Every meaningful action in AIdenID produces an event. Events are the basis for webhook delivery, dashboard streams, and audit trails. Key event types include:

  • decision.evaluated — A clearance decision was made for a request
  • policy.published — A route policy bundle changed
  • issuer_key.rotated — An issuer key rotation was accepted
  • revocation.epoch_bumped — A session, grant, or issuer epoch was revoked
  • email.received — An email arrived at an identity inbox
  • extraction.completed — A code or link was extracted
  • identity.provisioned — A new identity was created
  • identity.extended — An identity TTL was extended
  • identity.squashed — An identity was revoked
  • identity.expired — An identity TTL elapsed

Lifecycle

Identities follow a defined lifecycle with clear state transitions. See the Identity Lifecycle page for a deep dive.

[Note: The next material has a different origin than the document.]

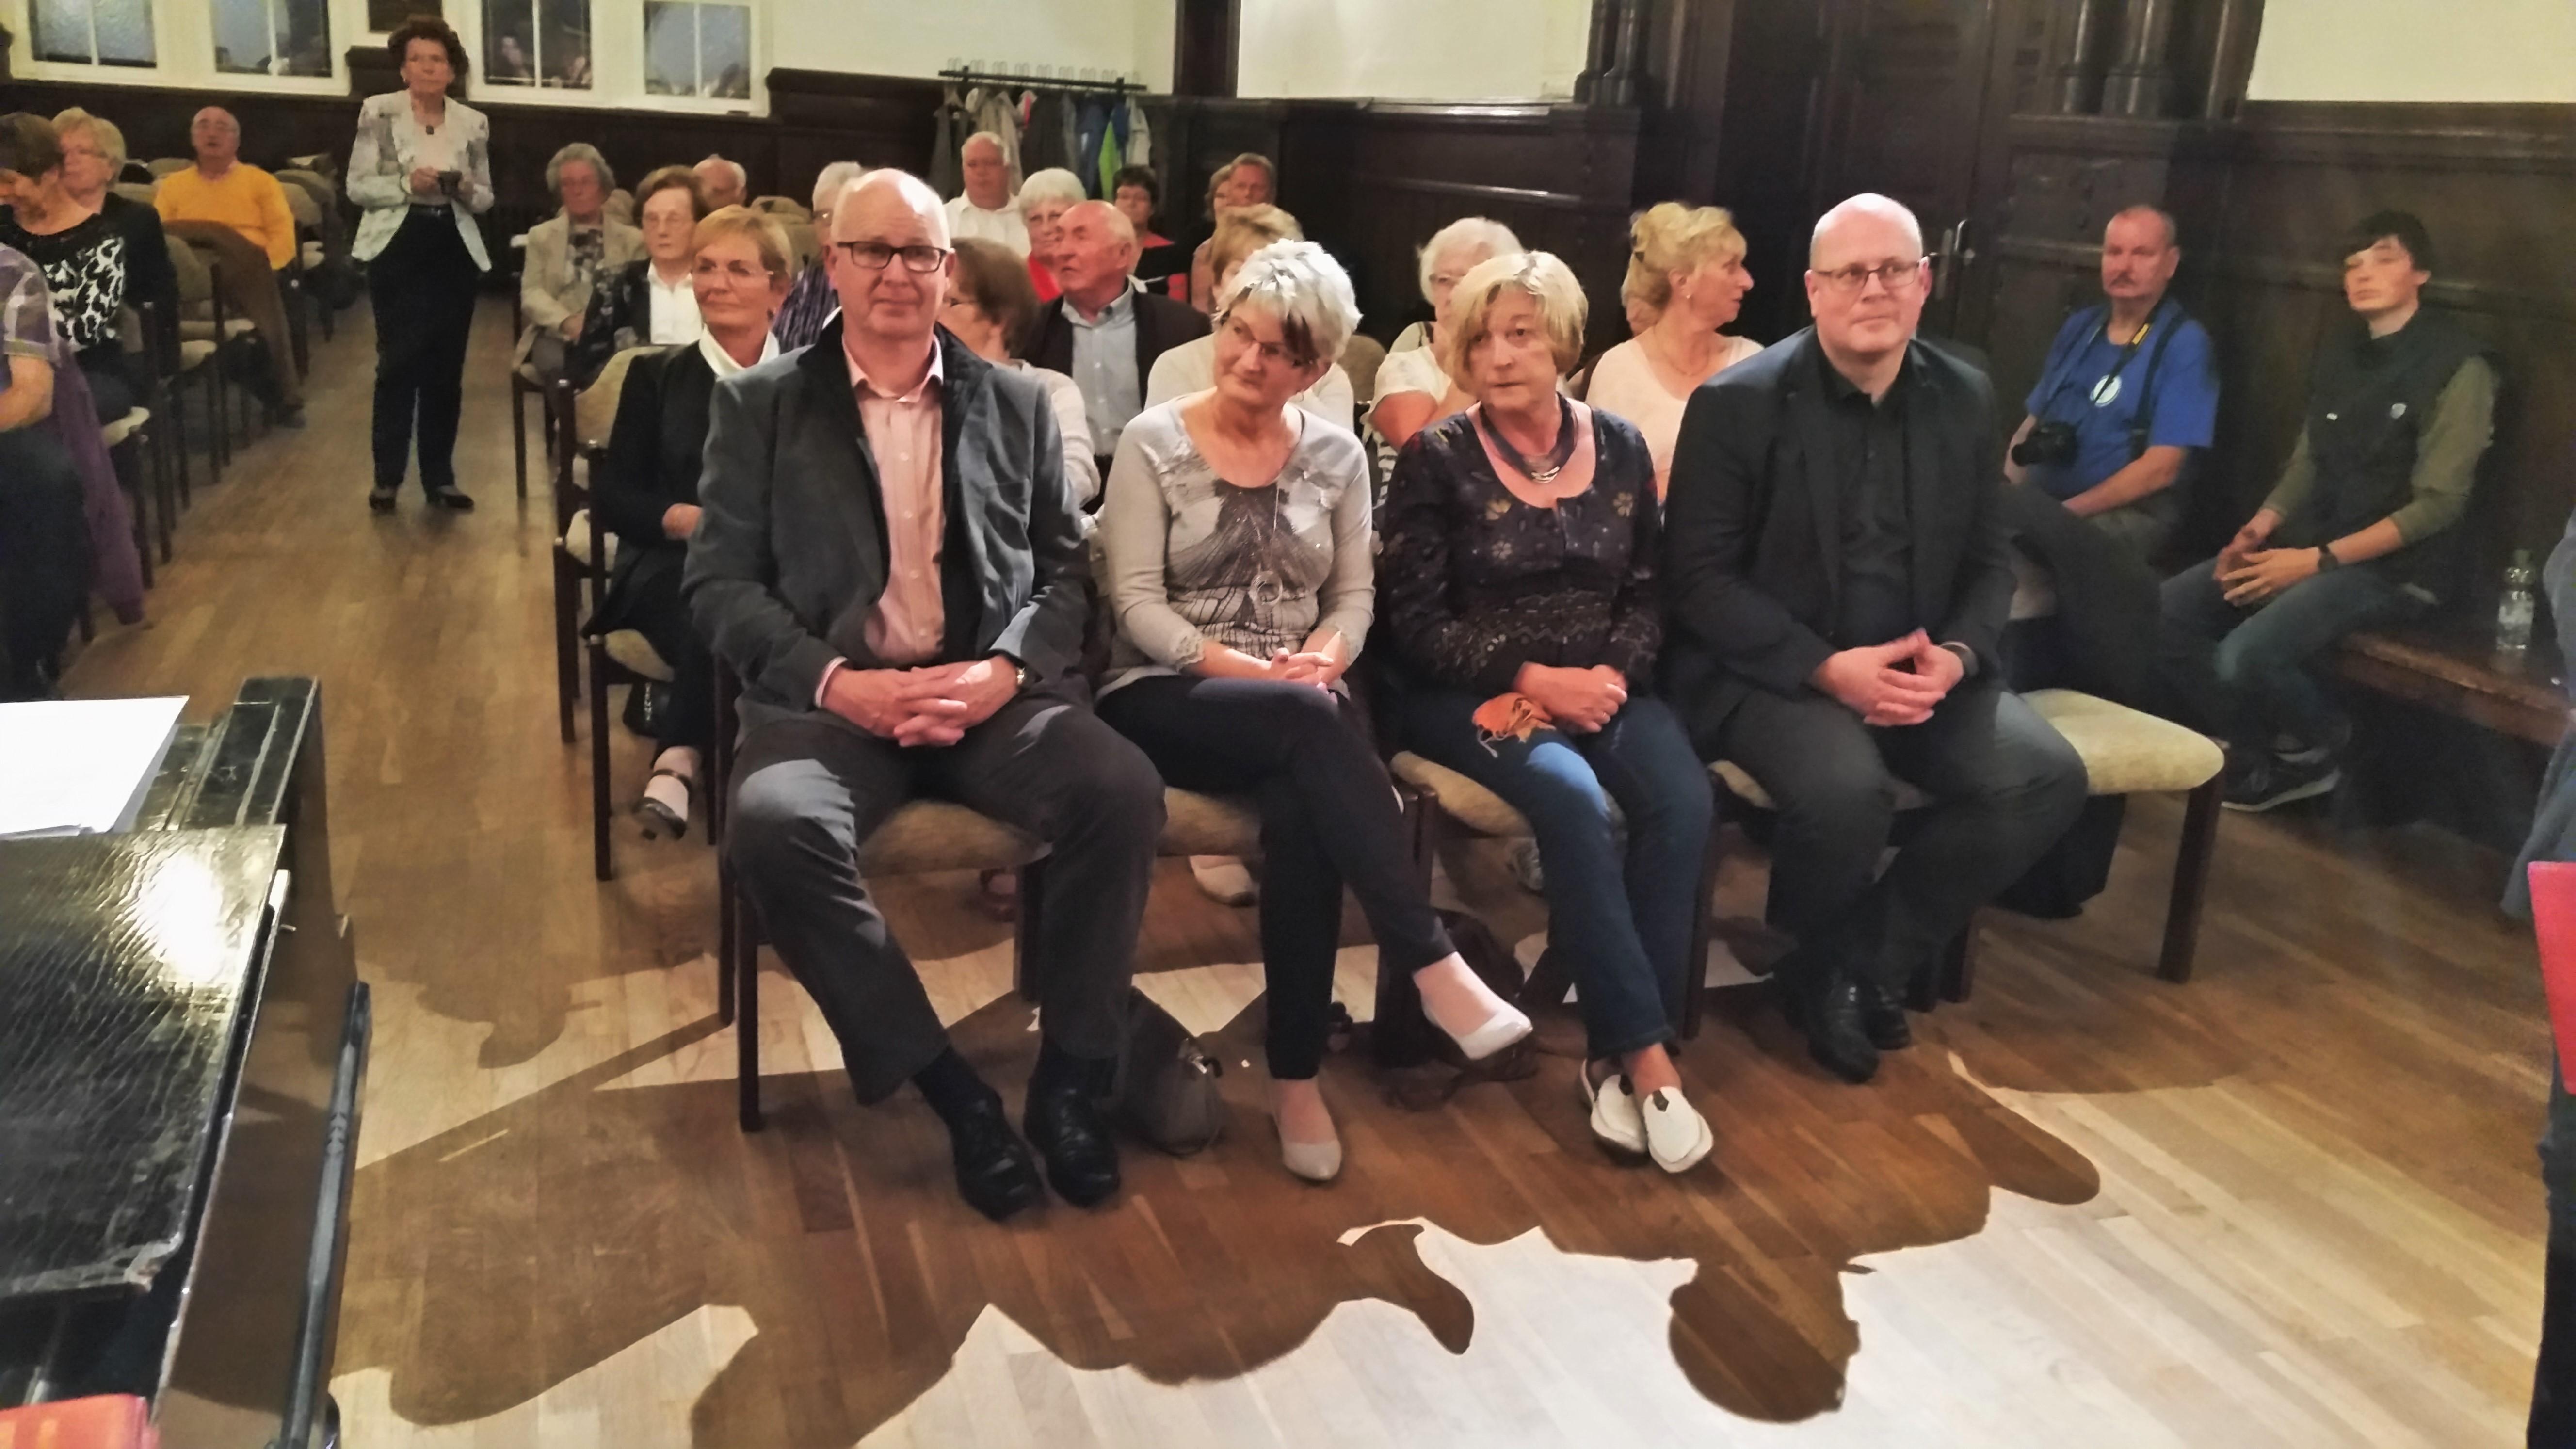 Oberbürgermeister R. Scheler, Eilenburg – sowie Bürgermeister M. Merle, Butzbach
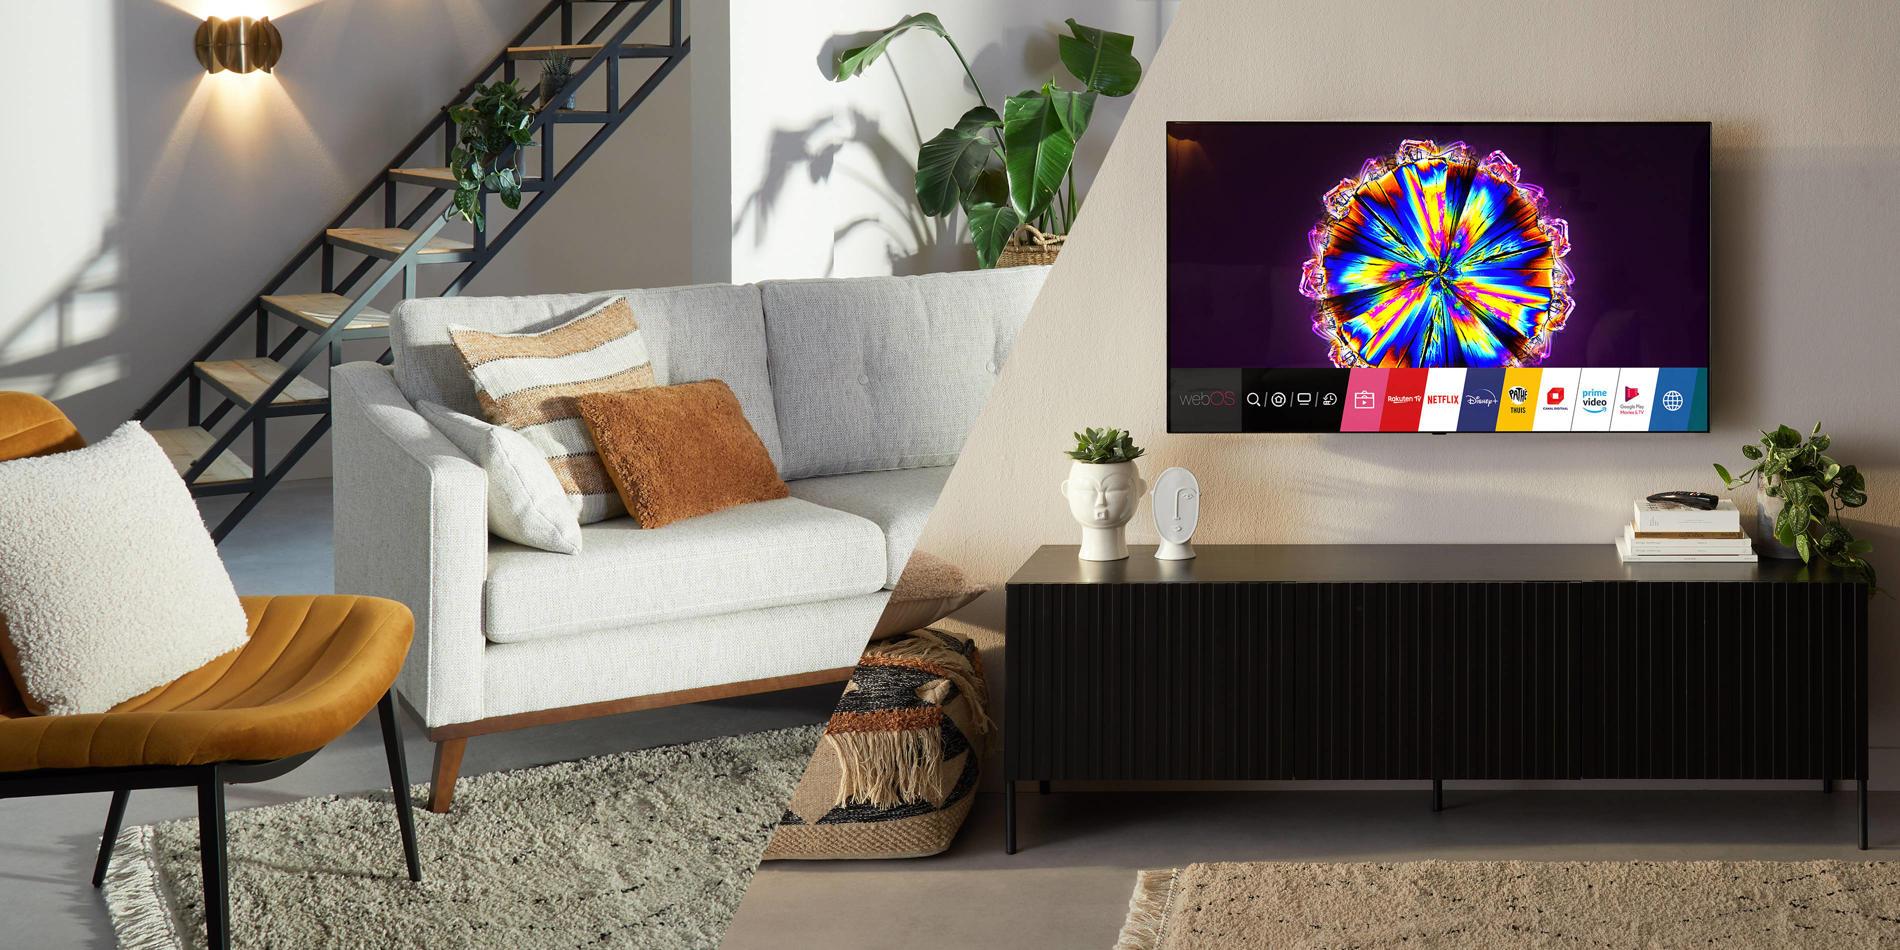 LG Oled en NanoCell tv's. Scherp geprijsde tv's die perfect in jouw huis passen

The five lifecycle states are:

  1. Provisioned — Created, inbox active
  2. Active — Receiving and processing email
  3. Extended — TTL extended beyond original duration
  4. Squashed — Manually revoked
  5. Expired — TTL elapsed naturally

Projects and organizations

AIdenID uses a two-level hierarchy for resource isolation:

  • Organization — The top-level entity. Represents your company or team. Contains one or more projects.
  • Project — A namespace within an organization. Identities, webhooks, and other resources are scoped to a project. Use separate projects for staging vs. production, or for different product lines.

API keys

API keys authenticate requests and determine access scope. Each key is bound to an organization and can be restricted to specific scopes (e.g., identities:read, webhooks:write). See Authentication for details.

Idempotency

All mutation endpoints require an Idempotency-Key header. This ensures that retrying a failed request (e.g., due to a network timeout) does not create duplicate resources. AIdenID stores the result of the original request and returns it on subsequent calls with the same idempotency key.

Webhooks

Webhooks allow you to receive real-time notifications when events occur. Instead of polling the API, register an HTTPS endpoint and AIdenID will push events to you. Payloads are signed with HMAC-SHA256 so you can verify authenticity. See Webhook Integration.

Buyer and support audiences

AIdenID primarily serves site owners that need a decision point for agent traffic. Supporting APIs also serve agent issuers, QA teams, and human inbox users:

AspectSite OwnersAgent / Inbox Users
Primary goalDecide which agent traffic gets through each routeCreate scoped identities or inboxes for delegated workflows
AuthControl-plane API key, verifier config, dashboard sessionAPI key or magic-link session
Core outputallow / throttle / queue / sandbox / deny / price_requiredidentity, inbox event, extraction, webhook, or delegation
Lifecycleobserve, shadow, enforce, revoke, auditprovision, extend, squash, expire, child delegation
Evidencedecision stream, transparency-log root, report packemail receipt, redacted extraction, webhook delivery

For a detailed comparison, see Human vs Agent.

Trials

All paid agent plans include a 7-day free trial with full access to plan features. Trials are scoped per organization — each org gets one trial per plan. During the trial, identities and webhooks work exactly as they do on a paid subscription. At the end of the trial, you can convert to a paid plan via Stripe checkout or let the trial expire. See Trials API.

Child identities

Some flows require multiple email addresses. For example, a signup flow might ask for a primary email and a recovery email. AIdenID supports child identities — subordinate identities linked to a parent. Child identities share the parent's project and can be squashed individually or in bulk through the parent.